Hinter SecurITe stehen zwei Akteure, die sich ergänzen: Nedbal, der zwölf Jahre im Silicon Valley Cybersecurity gebaut hat, und Stöger, Gründer und Eigentümer der österreichischen Health-IT-Gruppe x-tention. Das Startup ist aus dieser Partnerschaft entstanden – x-tention brachte den Zugang zum Gesundheitsmarkt und das Problemverständnis ein, Nedbal die Technologie. Eine klassische Ausgründung sei es nicht; x-tention zählt heute zu den bestehenden Gesellschaftern.

Eine Begegnung im Bezirk Amstetten

Die Geschichte dahinter ist die zweier Welten, die im Mostviertel zusammenfanden. Nedbals Stationen im Valley: McAfee (später von Intel übernommen), dann das eigene Startup ShieldX, das nach fünf Jahren an Fortinet verkauft wurde, wo er als VP of Engineering arbeitete. Zuletzt verantwortete er bei Google die Architektur der Cloud-Firewall. Im Zuge der Pandemie kehrte er nach Österreich zurück – ein Muster, das man damals bei einigen heimischen Tech-Talenten beobachten konnte. Dort wurde er über einen gemeinsamen Freund Stöger vorgestellt.

Manuel Nedbal – CEO SecurITe (links) und Bernhard Aigenbauer – COO SecurITe | (c) SecurITe

Dieser hatte x-tention 2001 mit sechs Mitarbeitern gegründet; heute zählt die Gruppe rund 850 Beschäftigte in Österreich, der Schweiz, Deutschland und England sowie ein Office im Silicon Valley. Tief im Bereich Gesundheits-IT verankert, deckt x-tention Datenmanagement, ELGA, Konnektivität und Managed Services ab und betreut nach eigenen Angaben mehr als 1.000 Kunden im Gesundheitswesen. Marktbedingungen, großes Problem, Marktzugang und Technologie seien „auf einmal zusammengekommen“ – Nedbal nennt es eine „Textbuchvorlage für ein Startup“. Heute verteilt sich das rund 50-köpfige Team auf Österreich, Silicon Valley und Bangalore.

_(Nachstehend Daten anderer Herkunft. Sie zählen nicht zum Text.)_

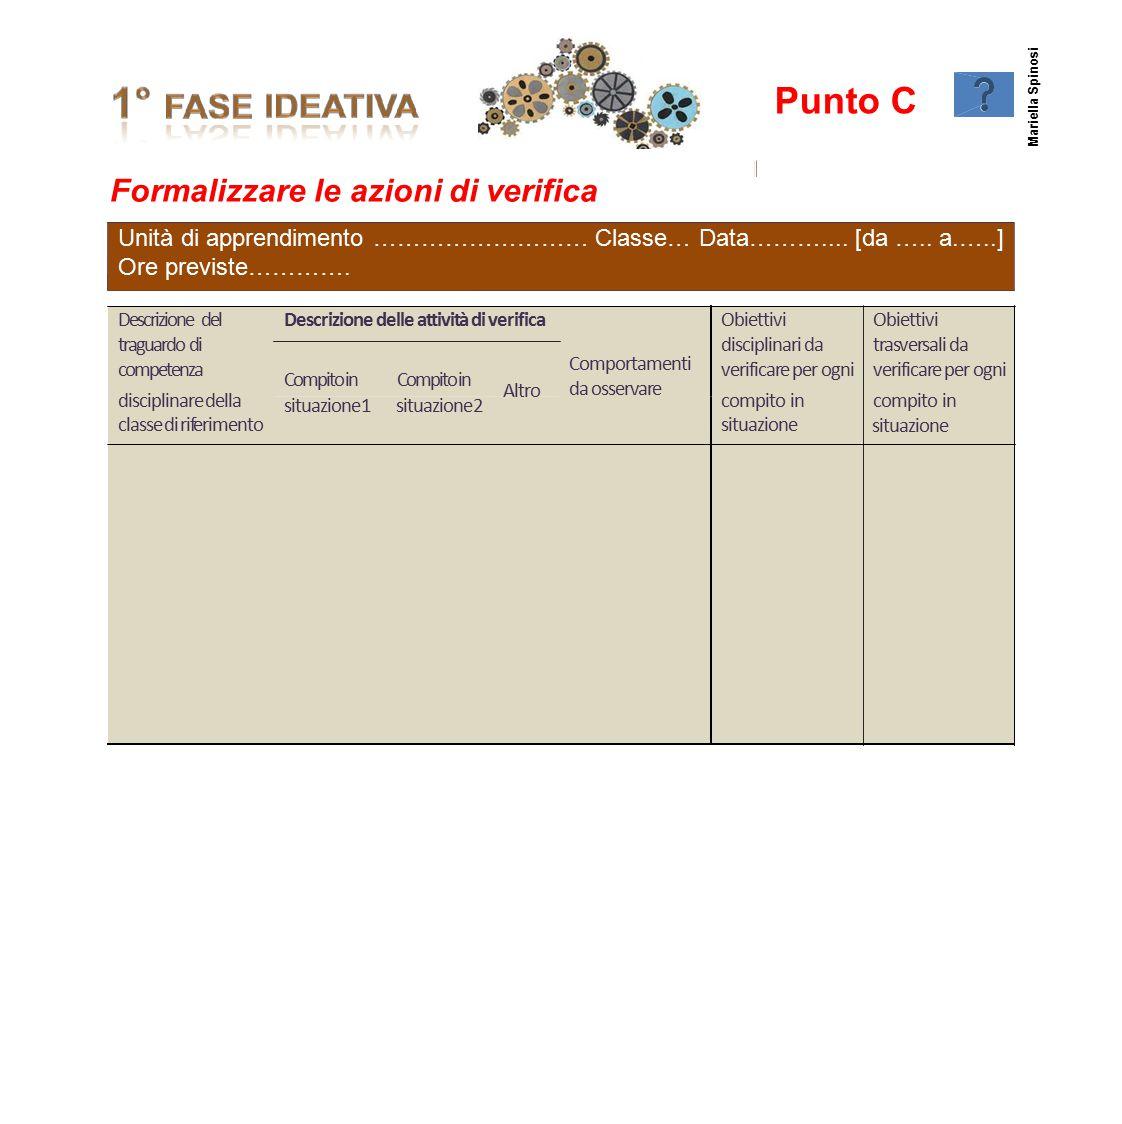 PuntoC Formalizzare le azioni di verifica situazione Mariella Spinosi Descrizione del traguardo di competenza Descrizione delle attività di verifica C

Krankenhäuser als verwundbarster Punkt

Warum ausgerechnet Healthcare? Der Sektor sei von der Cybersecurity-Industrie „vergessen“ worden, argumentiert Nedbal – weil dort andere Regeln gelten. Klassische Schutzmechanismen ließen sich auf medizinischen Geräten und in klinischen Netzen nicht so einsetzen wie in der Enterprise-IT. Hinzu komme, dass während der Pandemie eine Hemmschwelle gefallen sei: Krankenhäuser würden heute ohne Schonung attackiert – rund um die Uhr.

Hier setzt das Resilienz-Argument der Gründer an: Krankenhäuser seien ein Paradebeispiel für kritische Infrastruktur, deren Absicherung längst keine rein technische Frage mehr sei, sondern eine der europäischen Souveränität. Die Sorge: Erkenntnisse über neue, KI-getriebene Angriffsmuster zirkulierten oft nur in einem begrenzten Kreis großer US-Anbieter – Krankenhaussoftware-Hersteller und europäische Institutionen seien dabei selten am Tisch. Eine eigenständige europäische Antwort, die nicht aus den USA, Israel oder China komme, sieht das Team daher als Chance. Konsequenterweise habe man auch die Finanzierung „aus Europa und für für das globale Wachstum“ gestemmt – die IP bleibe aber in Europa.

Die nächste Bedrohungsstufe sieht SecurITe in autonomen Agenten: Setzen Kliniken selbst KI-Agenten ein, könnten diese sich fehlverhalten; ein Angriff durch autonome Agenten sei zudem um ein Vielfaches gefährlicher als von einem menschlichen Akteur. Genau hier setzt das Produkt agentis360 an: Statt auf eine zentrale Instanz setzt es auf eigene Sensoren und kleine KI-Modelle, die direkt in der Infrastruktur sitzen und das Verhalten von Systemen und Agenten laufend auf Auffälligkeiten profilieren. Mit dem frischen Kapital will das Unternehmen die Produktentwicklung vorantreiben und parallel internationalen Vertrieb sowie Partnerschaften aufbauen – mit Europa als Ausgangspunkt und dem globalen Rollout für kritische Infrastruktur als nächstes Ziel.